The journey continues with a new movement northwards. By mixing with the tropical water, the deep water returns to the surface. The loop ends with its return to the Atlantic via Cape Horn and the Cape of Good Hope, which is the start of the next round-the-world cycle.

These currents play an important role in combining the water masses and have an impact on the ocean’s major bio-geochemical cycles. What is more, they form a sort of conveyor belt, a means of transport for the migratory species or those which are unable to move independently, such as microalgae or jellyfish. The surface currents also encourage the dispersion of eggs and larvae, thus ensuring species propagation.

Global ocean movements do not only control the dynamic of nutrients; they enable exchanges between the ocean and the atmosphere which account for our climate. Their significant thermal capacity enables the ocean to trap large quantities of heat, which are then distributed, thus determining the effects of the climate. One of the best known examples is the effect of the Gulf Stream on the European climate: as it moves north, the Gulf Stream approaches the European coasts, with the warm current heating the westerly wind, which then warms Europe’s winter season. As a result of this, Europe benefits from a much milder climate than the east coast of North America, which is on the same latitude. This means that, in winter, the temperature in Paris might be 10 °C higher than that in Montreal, sometimes even more, although the French capital is further north than the city of Quebec.

Climate system in danger

For some years, the scientific community has been scrutinising changes in sea level with growing concern. After several millennia of stability, the world’s oceans have been rising since the 1900s. This rise, in the region of 1.7 mm per year during the 20th century, is accelerating and currently exceeds 3.2 mm per year according to the satellites. These are the only tools really able to measure the global ocean, with their data confirmed by the worldwide network of tide gauges, instruments attached to the seabed which measure the depth of the water.

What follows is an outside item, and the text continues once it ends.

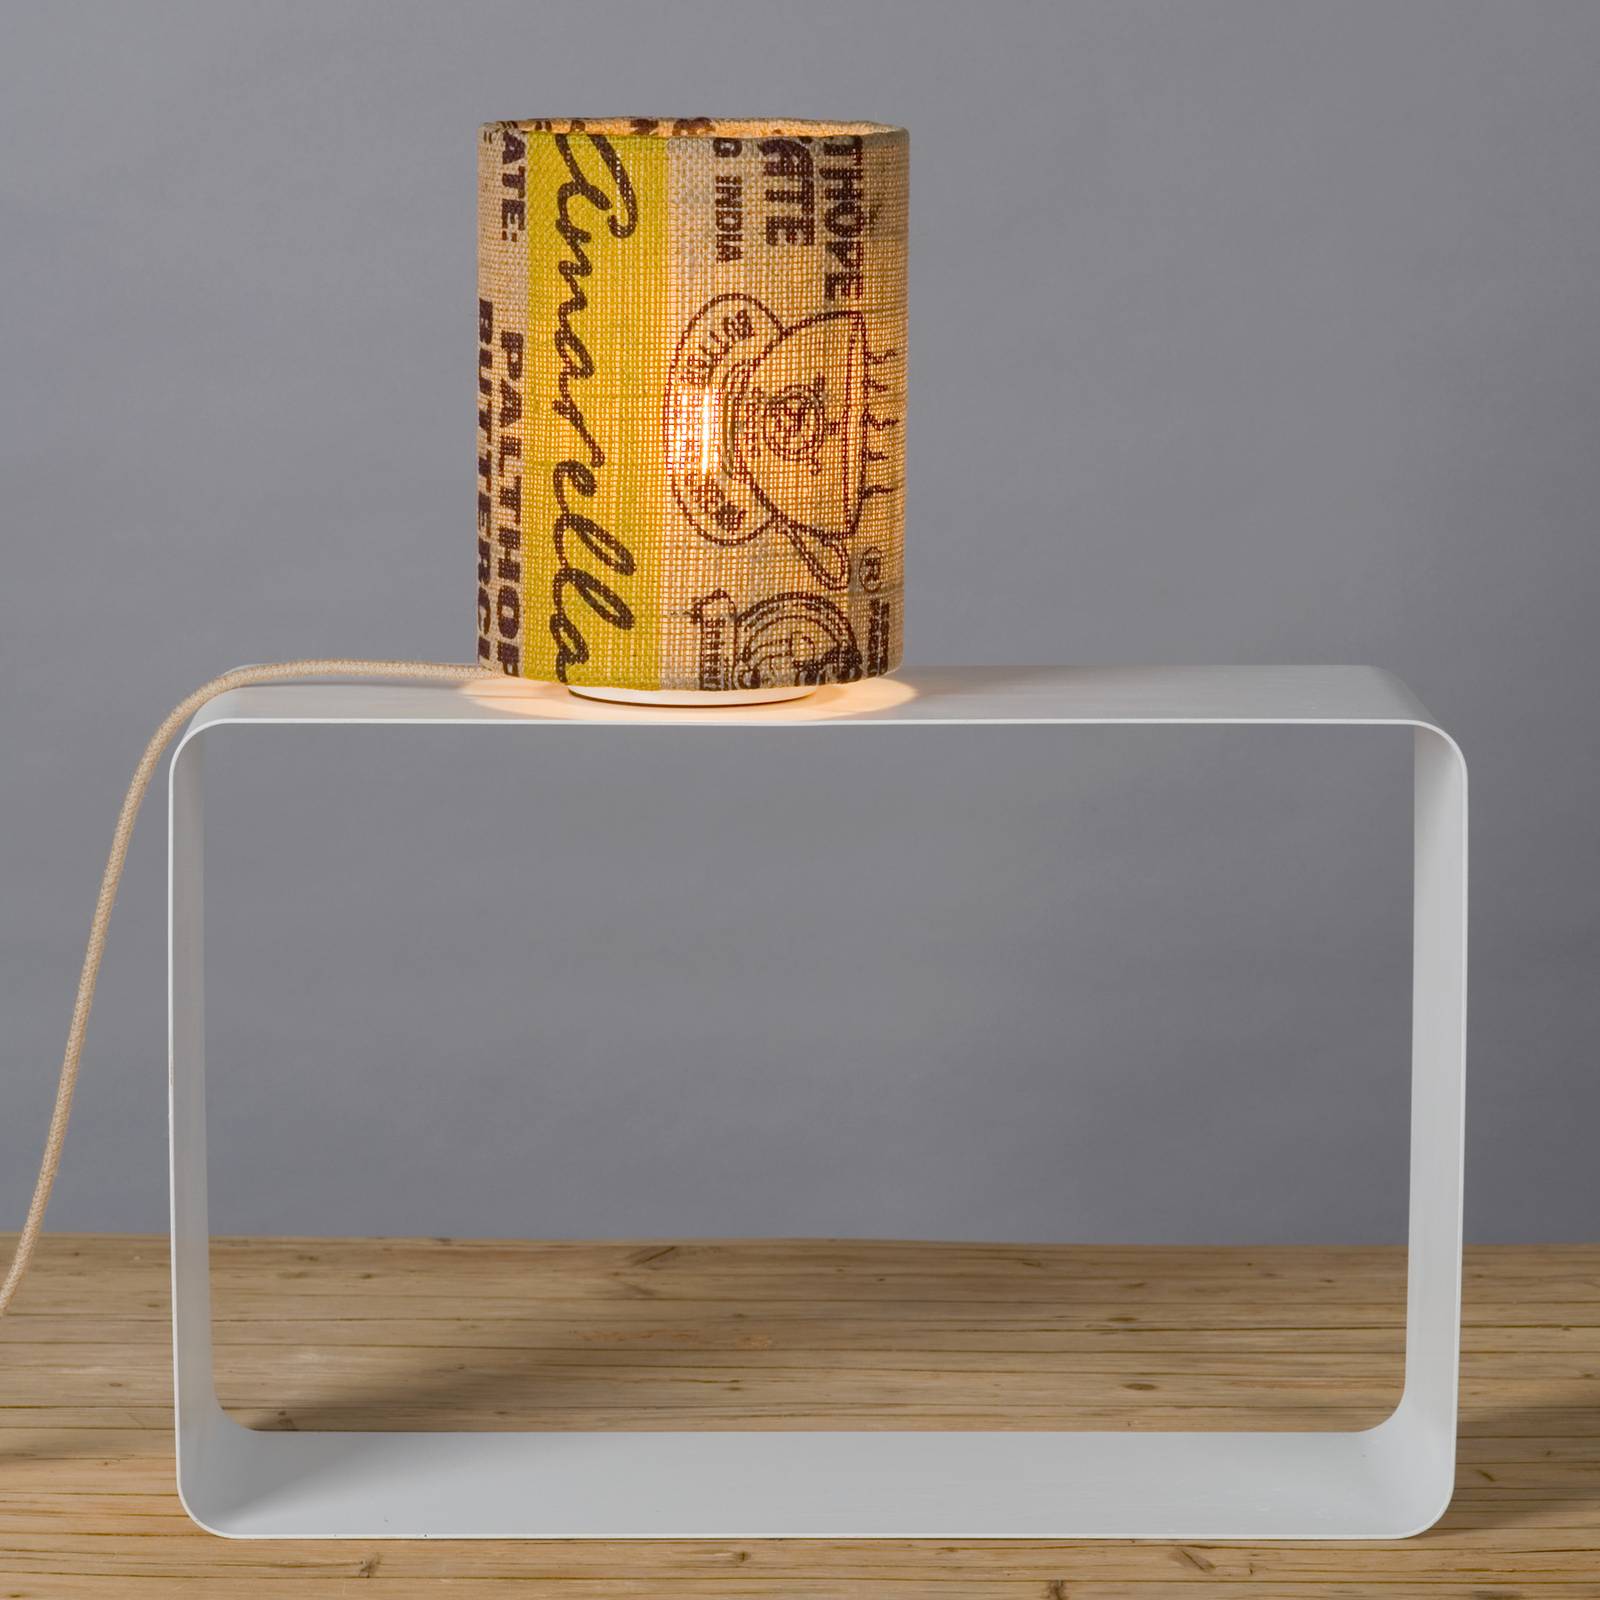 Lumbono lámpa n°16 perlbohne kávézacskóból készült ernyő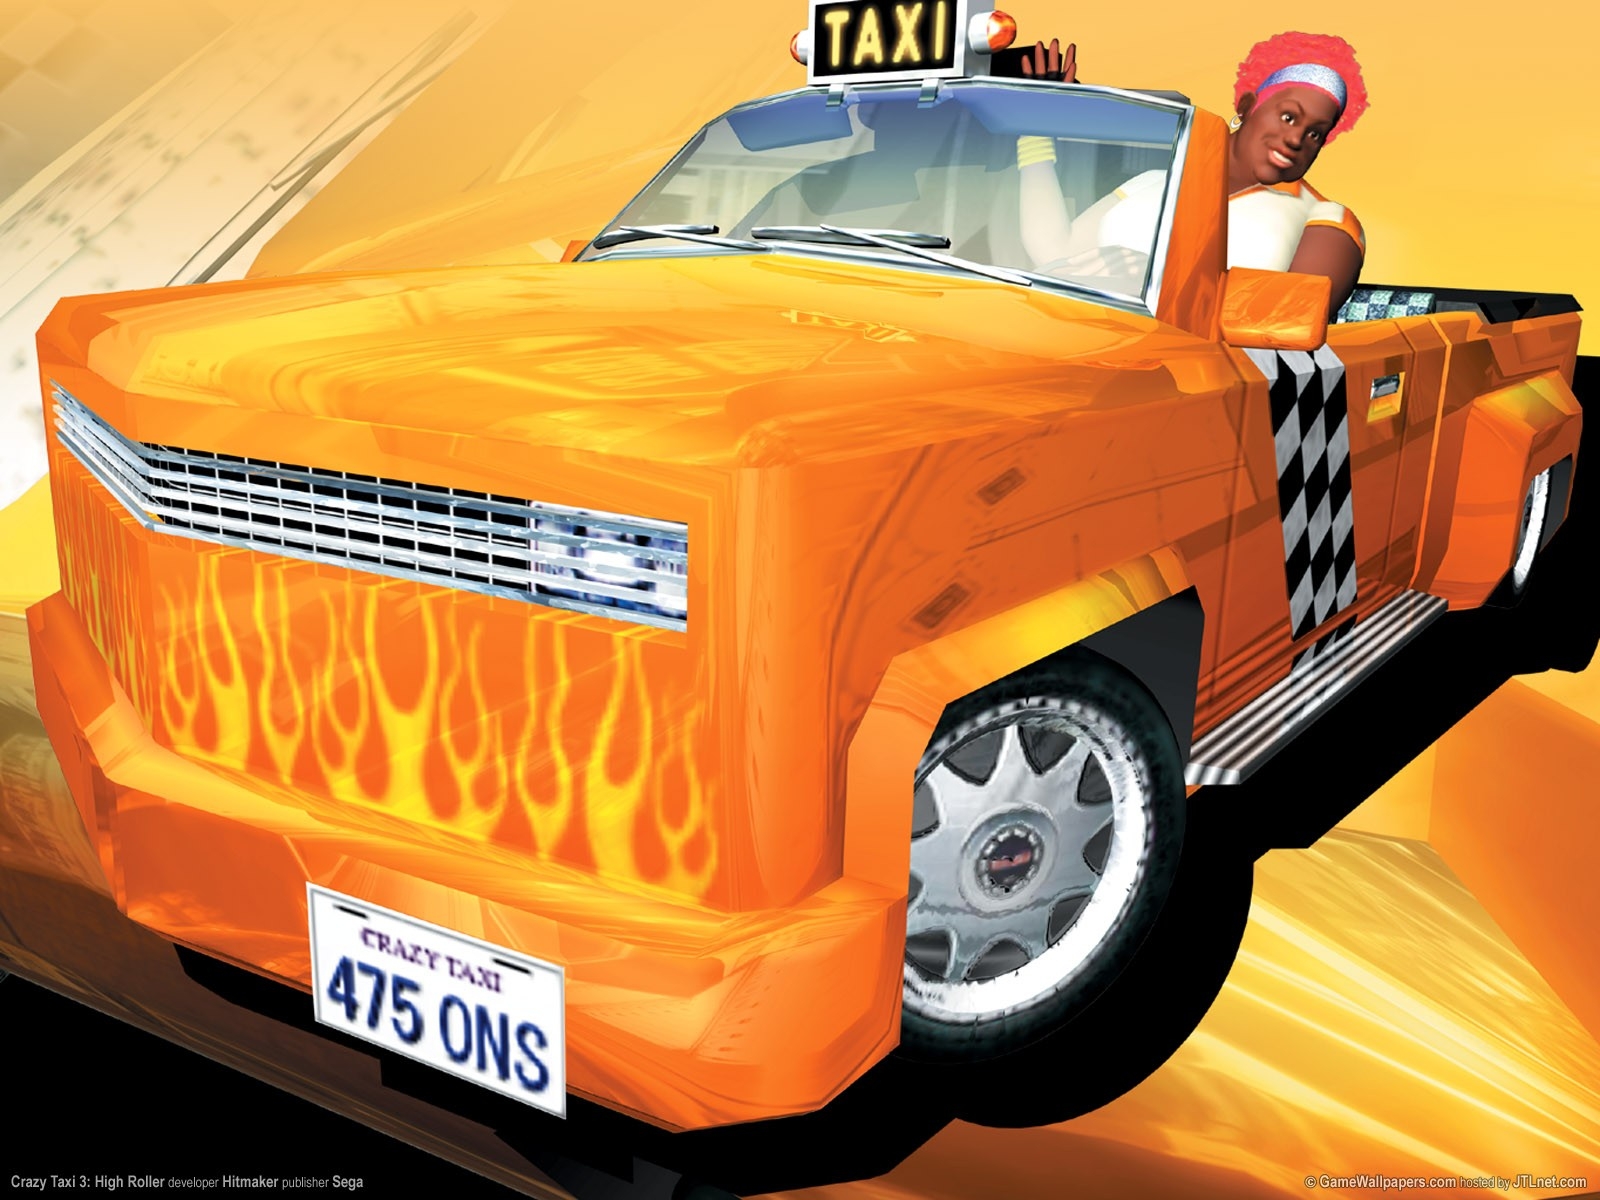 video games crazy taxi 1600x1200 wallpaper High Quality Wallpaper, High Definition Wallpaper

Raja-Ampat Archipelago, West Papua, Indonesia (Yann Arthus-Bertrand / Altitude photo)
Raja-Ampat Archipelago, West Papua, Indonesia © Yann Arthus-Bertrand / Altitude Paris

The explanation for this worrying trend comes down to two words: global warming. And although the details of the calculation and measurements are complex, the basic mechanisms of the rise are easy to understand. There are two processes at work. The first is thermal expansion: heating the ocean increases its volume (as with most solids, liquids or gases). The ocean has now absorbed most of the global warming and is therefore in the process of expanding, causing its levels to rise. The second process: the melting of continental ice. Enormous quantities of water are effectively immobilised in the form of ice in the two large polar ice sheets (Greenland and the Antarctic) and in the thousands of continental glaciers distributed around our planet, from Siberia to the Himalayas by way of the Alps or the Andes – collectively known as the “cryosphere”. However, within the cryosphere, only that part of the ice sheet east of the South Pole still appears to remain stable: the vast majority of glaciers on land (over 90%) are in the process of melting, just like the Greenland sheet and the west Antarctic, resulting in a rise in the level of the ocean, which is the end recipient of all this water. If this rise continues at its current rate, there will undoubtedly be few major problems before the end of this century.

However, in view of the rapid decline of the cryosphere, and particularly the accelerated melting of the Greenland and west Antarctic glaciers, experts expect this rate to accelerate significantly. The opinion now predominant in the scientific community is that sea levels will rise by over one metre during the 21st century, possibly by a significant amount.